Les tickets seront disponibles dans chacune des gares du parcours, et leur prix devra être concurrentiel par rapport à celui du covoiturage. Car l’objectif est bien de prendre des parts de marché à la route, y compris aux SLO, dont les temps de parcours sont supérieurs de plusieurs heures.
Pour l’heure, Railcoop qui a prévu de roder ses organisations avec le lancement d’une première desserte fret en septembre 2021, se mobilise pour augmenter son capital.

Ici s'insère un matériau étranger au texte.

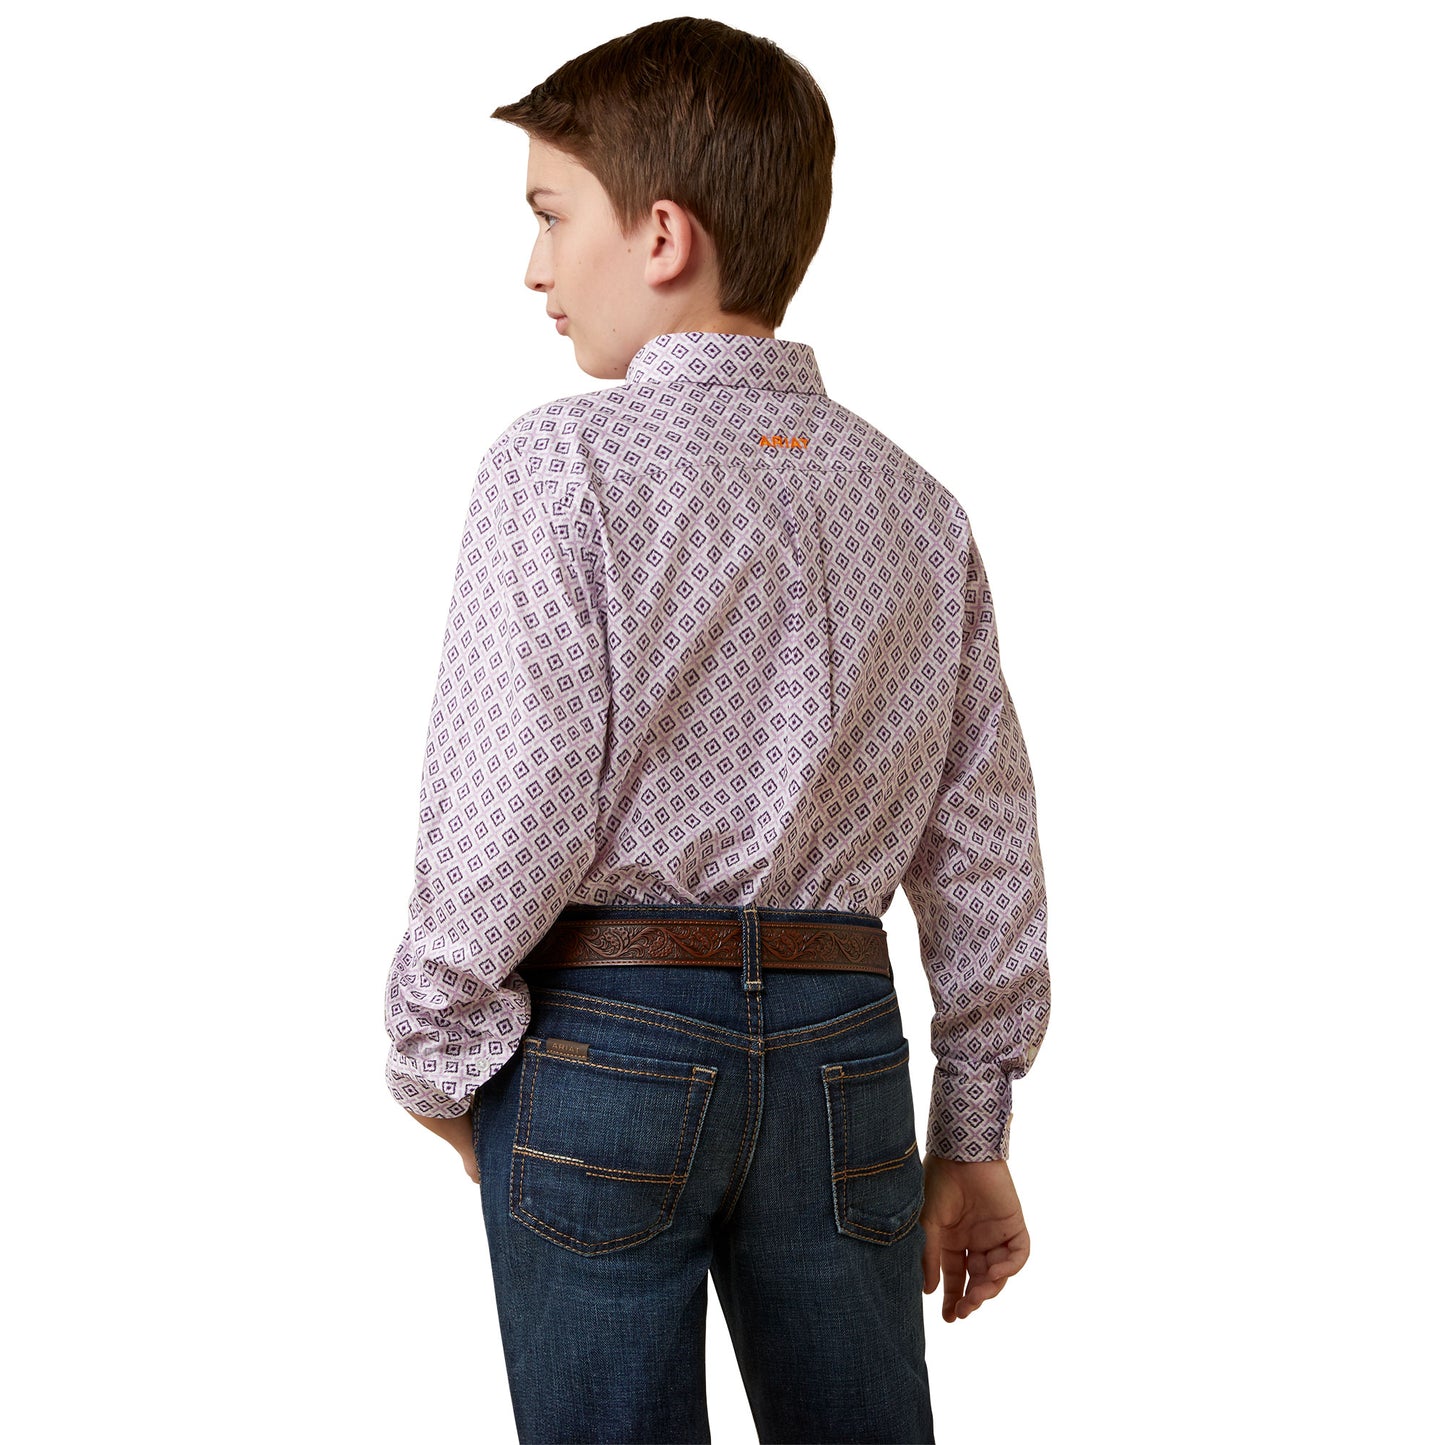 Ariat Kids' Button up Shirt
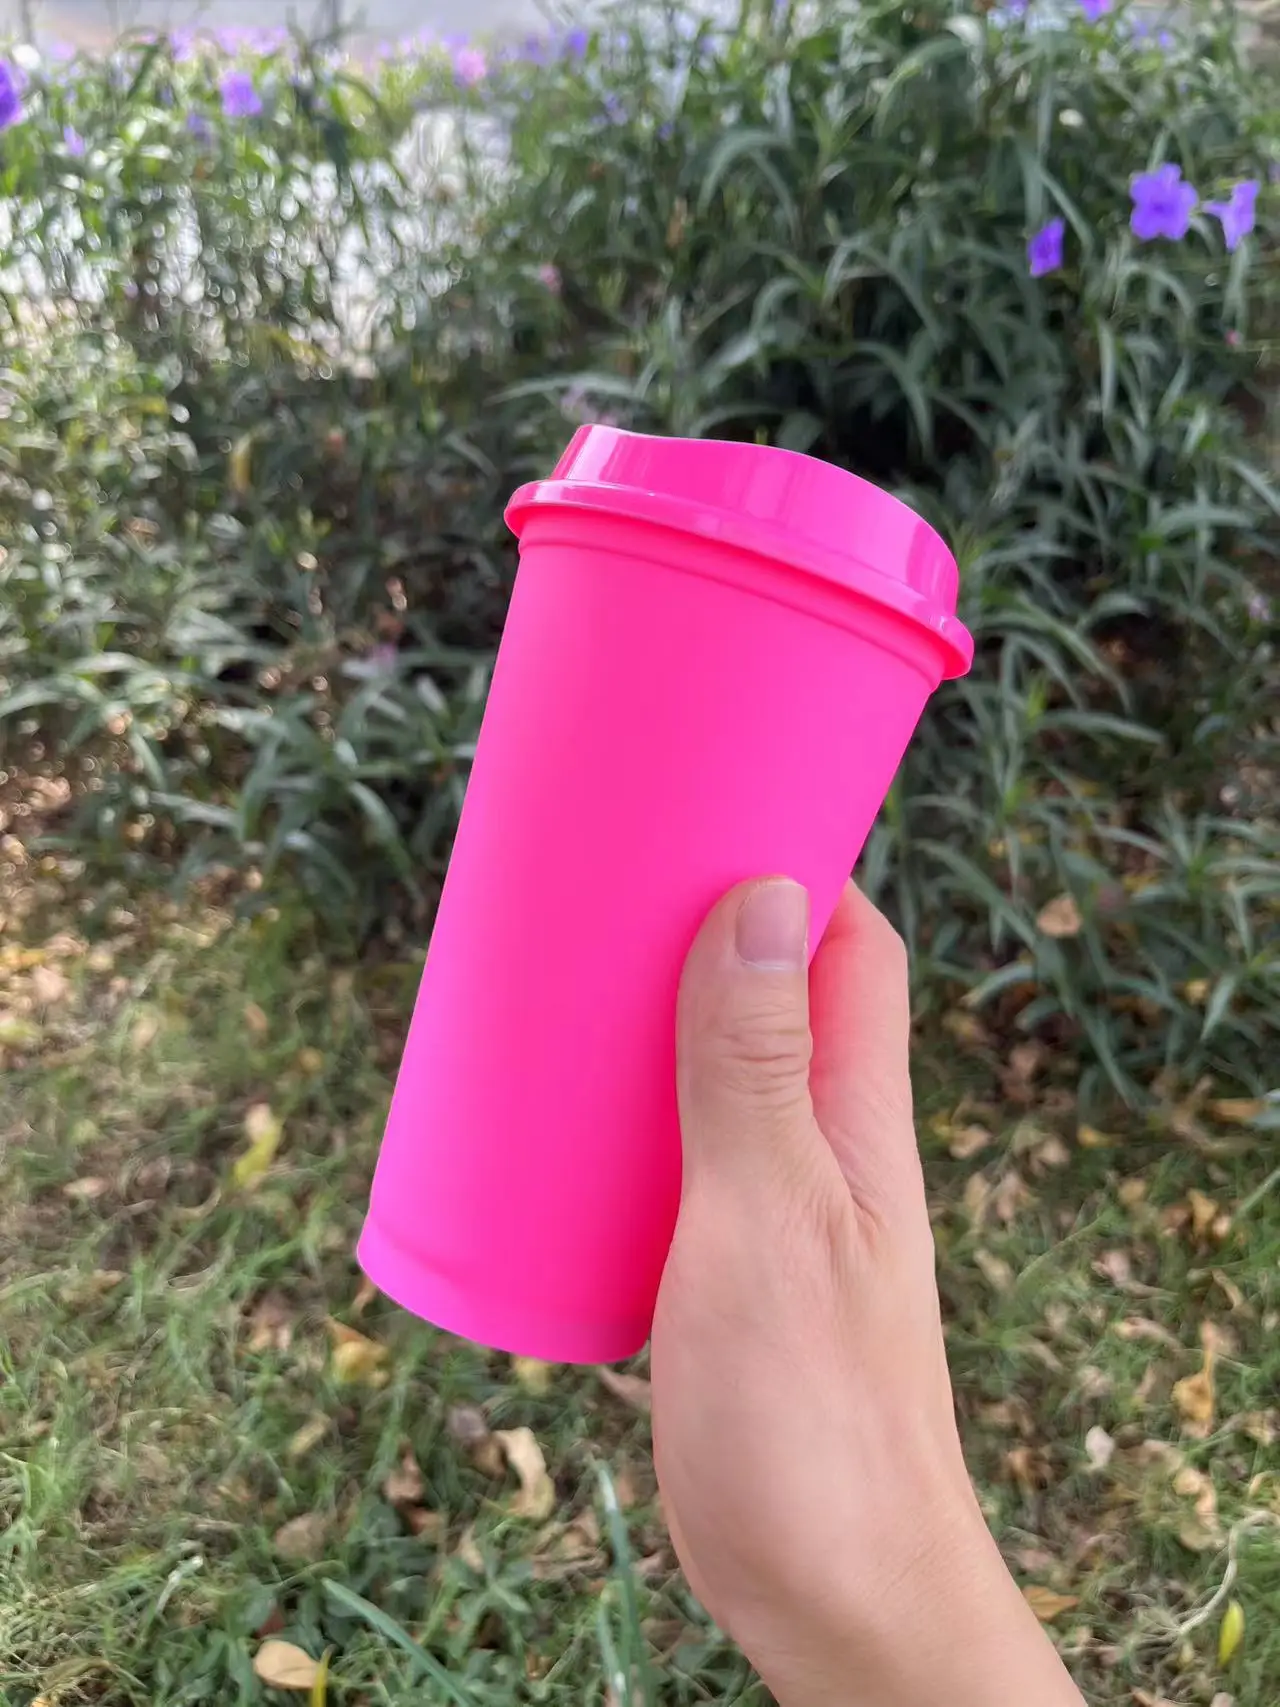 https://ae01.alicdn.com/kf/Sc97bdb3f7a8d4b80a5c102da45f5a27cX/BPA-free-473ml-480ml-500ml-16oz-blank-plain-reusable-plastic-coffee-cup-travel-coffee-mug-hot.jpg

D’un montant actuel de 720 000 euros, il devrait atteindre 1,5 M€ d’ici à la fin 2020. Ainsi, la nouvelle entreprise pourrait être en mesure de se voir délivrer la licence ferroviaire avant l’été 2021, et son certificat de sécurité peu de temps après. La confirmation des sillons voyageurs devrait intervenir en septembre de la même année. Enfin, le recrutement des conducteurs des neuf rames automotrices, dont trois pourraient être utilisées sur une seconde liaison à partir de 2023, sera réalisé au début de l’année 2022.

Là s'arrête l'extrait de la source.